“怎么了?手疼吗?”他低声问。
“有点儿,”范越也没瞒着,“等会儿让队医看看。”
杨聪说:“风湿犯了。”
骆阳说:“年纪大了。”
众人忍不住哄笑。
范越并不恼。
蔡子游对骆阳说:“你老了也这样。”
骆阳张了张嘴:“我——”
蔡子游又说:“除非你打不了十年。”
“我肯定也能打很久!”骆阳信誓旦旦,“我的未来还长着呢。”
他看看中野,无奈地说:“你们夫妻俩……”
骆阳本想埋怨这俩人怎么轮流身体不适这不耽误事儿吗?但话说一半,他远远看到了杨聪愤怒的眼神。
仿佛只待他话一说完,杨聪马上就要向他开炮!而骆阳也意识到自己想吐槽的话有点不妥。
他可以埋怨蔡子游随意生病,但绝对不敢责备范越为啥旧伤复发……职业选手打久了,手部带伤很常见。范越都打了11年了,如此漫长的职业生涯,打了那么多场比赛,落下的伤病自然不轻。他能坚持到现在实属不易。
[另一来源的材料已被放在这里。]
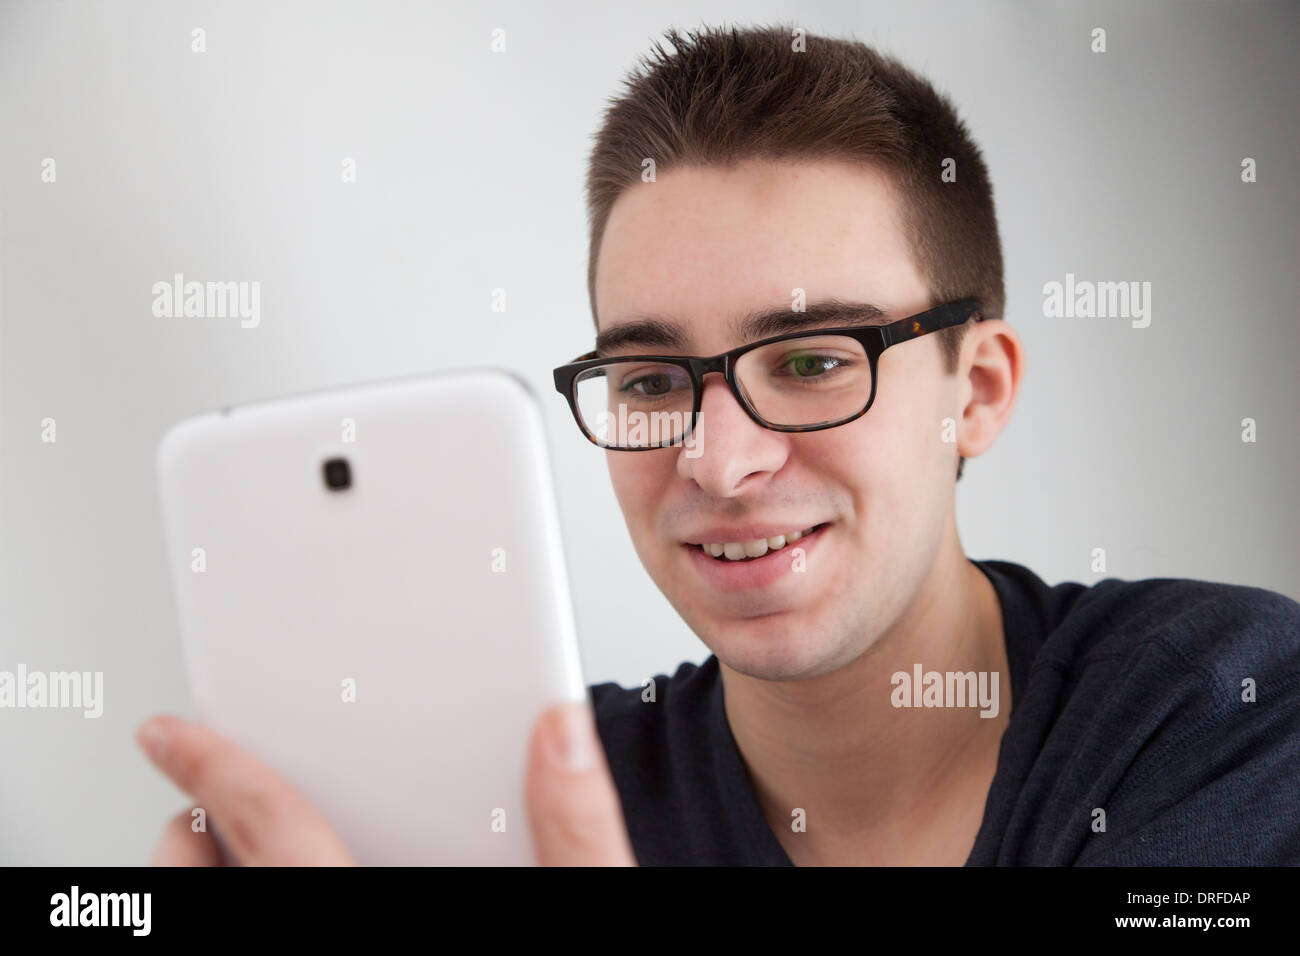 Buona ricerca giovane con gli occhiali, sorridenti mentre si tiene un bianco digitale compressa. Foto Stock

在骆阳看来,生病也是存在鄙视链的,手伤跟感冒肯定不是一个层次,因职业比赛而造成的手伤要比普通感冒更高级。他再怎么趾高气昂也不能在这种事上指责老前辈。
于是他改口说:“你们夫妻俩……互相照顾一下吧。”
杨聪神色缓和。
复盘结束,范越去找队医,蔡子游跟在他身后。
范越说:“我没事,我自己一个人去就行了,你不用陪我。”
“谁陪你了?”蔡子游说,“我让队医给我查一下体温。”
范越抬手要摸他额头,蔡子游躲开了,而后走到了他前面。
队医看到两人一起过来,立刻起身:“怎么了,哪里不舒服?谁先来?”
范越:“先给他量体温吧。”
蔡子游:“先给他看手吧。”
两个人同时开口,而后对视一眼。
队医笑了笑,而后选择先给蔡子游查体温,这个更快,额温枪滴一下就能出结果。
“没发烧。很好。这几天晚上还是早点休息,别熬太晚了。”
蔡子游说了声“谢谢”,而后在一旁等着。
队医又转头给范越看手。
“很严重吗?”蔡子游问。
问完他感觉自己问了句废话。
范越打了这么多年了,如果不是很严重,他肯定能忍则忍。
队医正要说实话,忽然接收到了范越的眼神暗示,于是改口说:“还好。厨神平常很注意锻炼身体,也按时按量做手部护理疗程,保持得还不错。不用太担心。”
蔡子游说:“我都看到他给你眼神暗示了。”
另外两人对视一眼,略显尴尬。
队医一边给范越按摩腕部,一边说:“这也是没办法的,天天都在赛训,没法彻底养好。只能尽可能缓解他的症状。”
蔡子游看着范越的手臂:“哦。”
几分钟后,本次治疗结束。
范越转了转手腕:“感觉好多了。神医,神医啊。”
队医被他逗得忍不住笑。
蔡子游却很无语。
出了门他忍不住说:“你已经不满足把我当19岁的小孩了?现在是把我当傻子?”
“没有把你当傻子,”范越认真解释,“我成绩也没那么好……也不是每年都能从头到尾打满一年所有比赛。有几年季后赛都进不去,早早就放假了,一休就休息好几个月。哪有那么多比赛给我打?比赛打得少,手的问题自然不会很严重,真的。”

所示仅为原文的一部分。